O espetáculo vem sendo apresentado em espaços diversos como a Aldeia Arymy, do povo Guajajara, e o Quilombo Urbano da Liberdade, além de escolas públicas, centros culturais e festivais. Para o próximo ano, está prevista a expansão da circulação por barracões de bumba-meu-boi de sotaque de matraca e da baixada da Grande Ilha de São Luís, além de cidades do interior, como Penalva, fortalecendo o vínculo com comunidades ligadas às manifestações populares. Cada ciclo é também documentado em vídeo, com destaque para o videoclipe da canção “Moça Mangueira”, composta por Larissa Ferreira e Tiago Andrade, e os curtas documentais que ampliam o alcance da proposta em plataformas digitais, que estão com estreias previstas ainda para 2025. No dia 11 do mês de julho, apresentarão no Teatro Sesc Napoleão Ewerton em São Luís, gratuitamente, para toda a comunidade maranhense e também como desdobramento contínuo do edital, no projeto.

Para Victor Silper, analista de cultura do Sesc-MA e coordenador pedagógico da Gestus – Empresa Júnior de Produção Cultural da UFMA, parceira do projeto, o apoio da FAPEMA tem papel estratégico. “O edital contribui para descentralizar a produção artística e valorizar criações enraizadas na identidade local. Projetos como esse não apenas fortalecem toda uma cadeia produtiva da cultura — gerando renda e emprego, o que já é muito significativo — como também estimulam o diálogo criativo na economia, mostrando que o Maranhão tem muito a dizer e a ensinar por meio da arte, da cultura e de boas práticas econômicas”, pontuou Silper.

Esta é também a primeira grande circulação do Cena Aberta sem a presença física do mestre Luiz Pazzini, referência do teatro maranhense e fundador do grupo. Sua ausência, no entanto, gerou como desdobramento a criação do Memorial Luiz Pazzini, espaço-sede do grupo que abriga acervos, bibliografias e registros pedagógicos, funcionando como centro de memória e pesquisa viva em teatro e cultura popular. O memorial vem sendo ativado com ações formativas e rodas de leitura, reforçando o compromisso do grupo com a continuidade de uma pedagogia teatral ética, territorial e coletiva.

A experiência reafirma o potencial multiplicador de iniciativas como essa. O espetáculo não só fomenta novas narrativas e gera empregos diretos e indiretos, como inspira coletivos a desenvolverem projetos que também dialoguem com suas raízes. O legado do projeto ultrapassa a cena: ele reverbera em cada comunidade visitada, em cada parceria firmada, em cada memória registrada.
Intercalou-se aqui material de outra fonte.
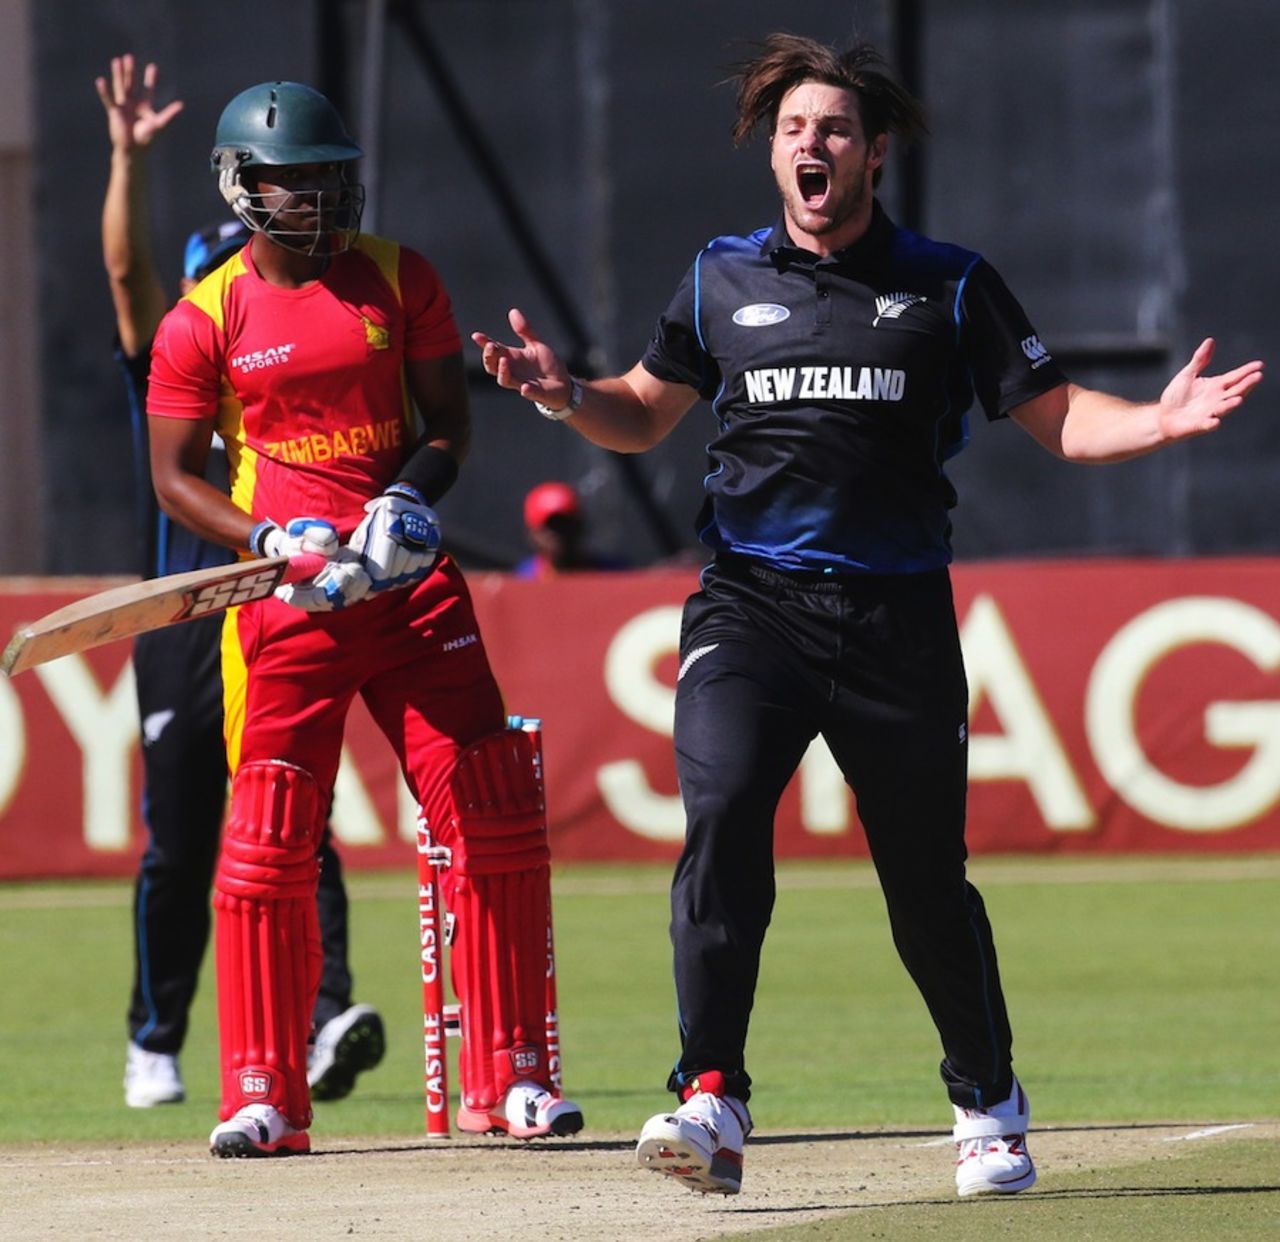 Mitchell McClenaghan dismissed Hamilton Masakadza during a hostile first spell, Zimbabwe v New Zealand, 2nd ODI, Harare, August 4, 2015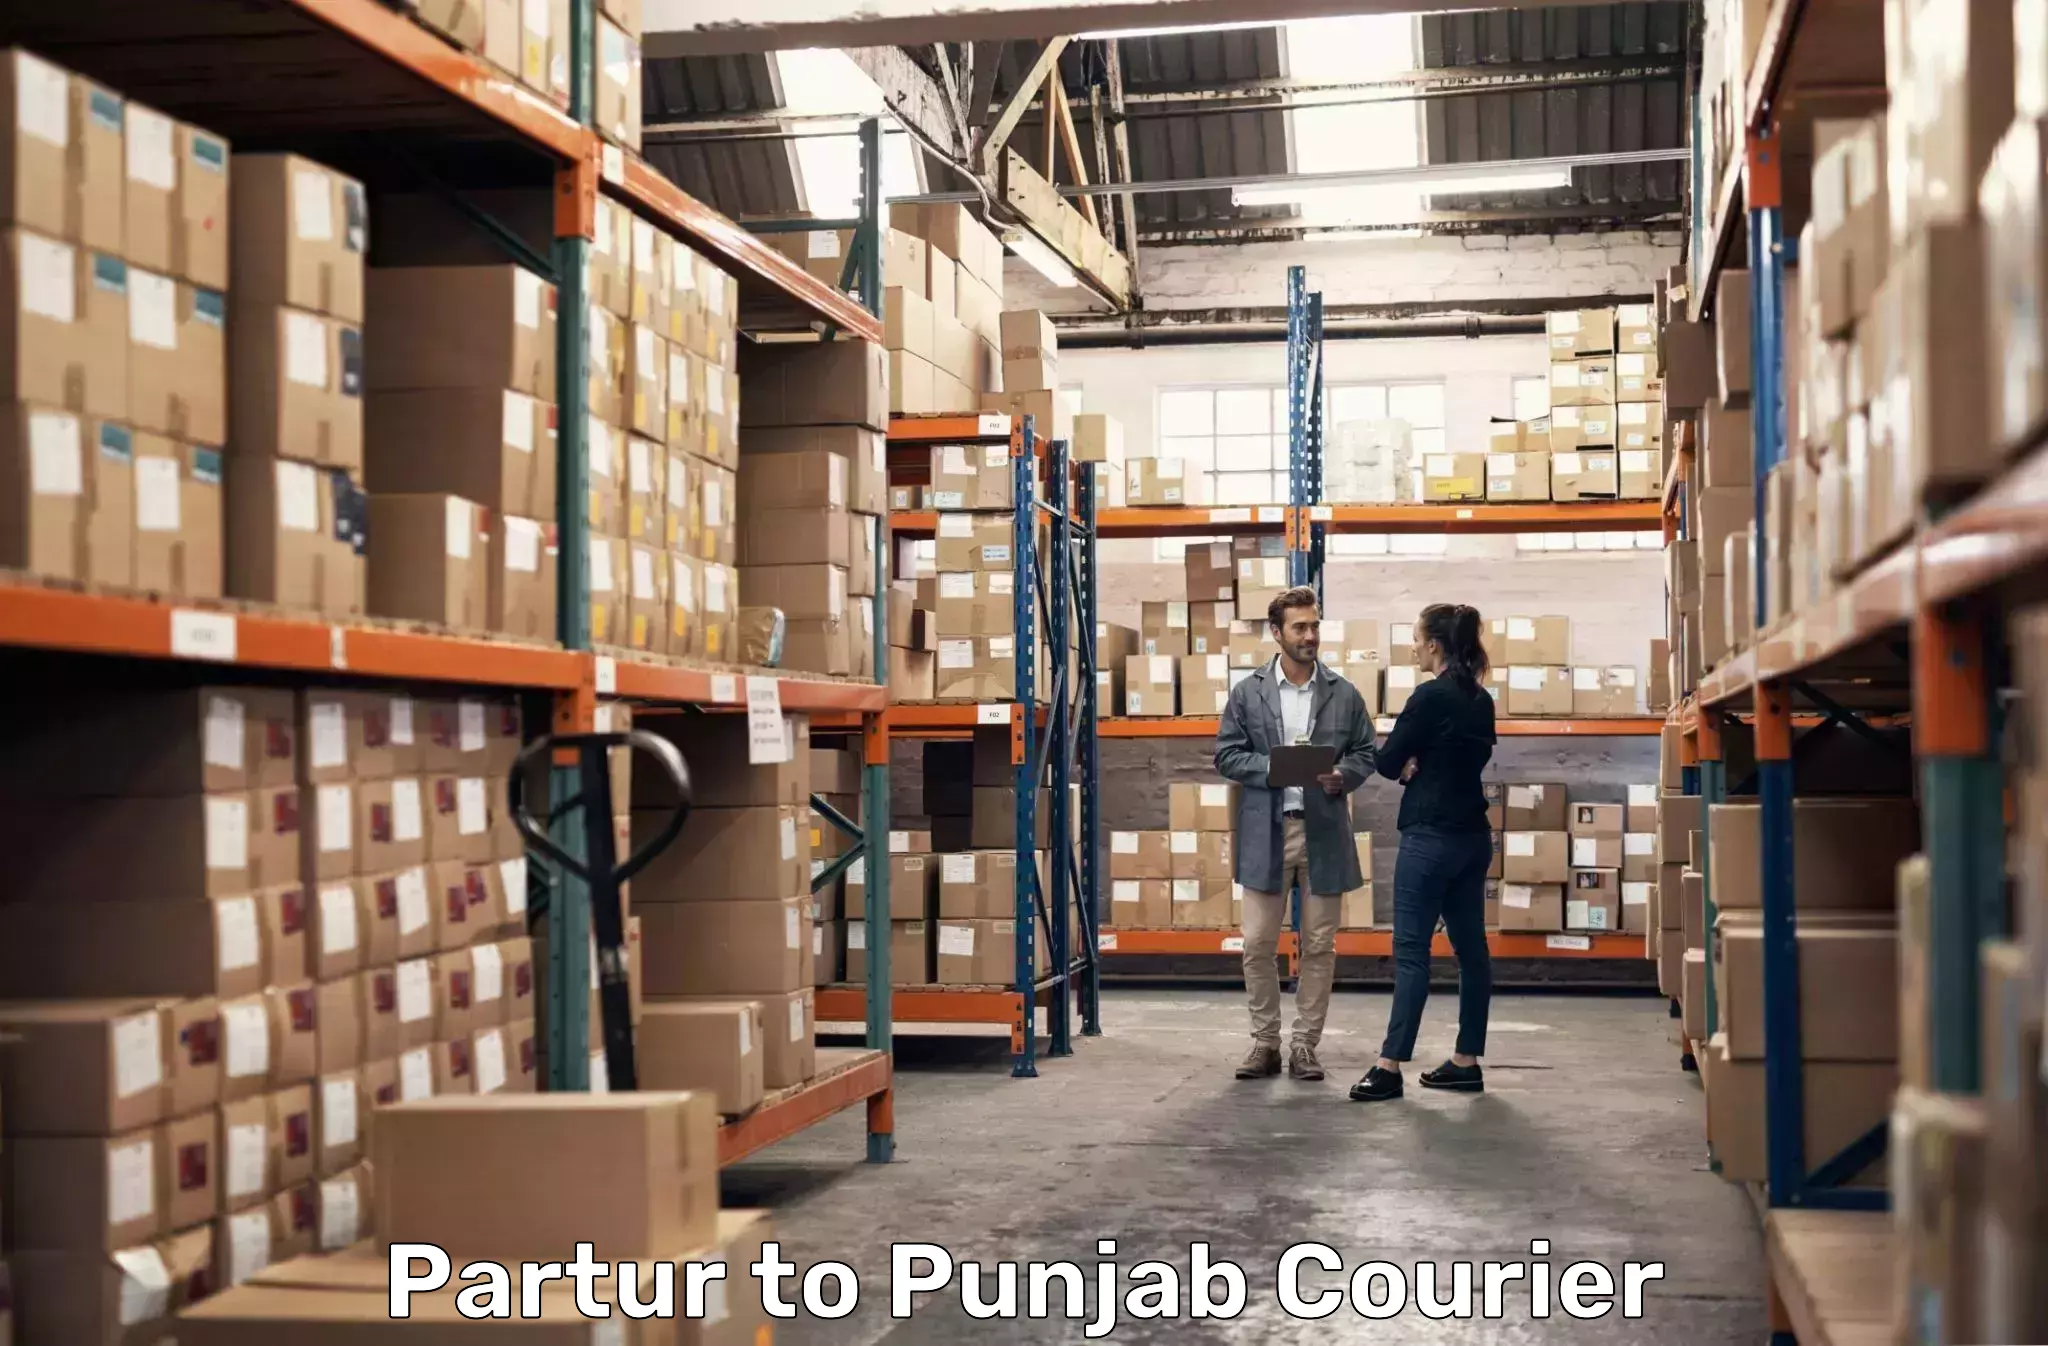 Express delivery capabilities Partur to Malout

O Edital de Economia Criativa FAPEMA/SEBRAE é, portanto, mais que uma política de incentivo — é uma ponte entre territórios e possibilidades. Ao compreender a arte como vetor de desenvolvimento e de pertencimento, a FAPEMA amplia seu campo de ação e oferece uma resposta concreta à necessidade de políticas públicas que enxerguem na cultura um bem comum e estruturante.

Em um cenário de urgências culturais, a circulação de Memórias em Maranhês: A Casa representa um gesto de retorno ao chão de onde nascem as histórias. E com o apoio certo, como o da FAPEMA, essas histórias não apenas resistem — elas florescem em cena.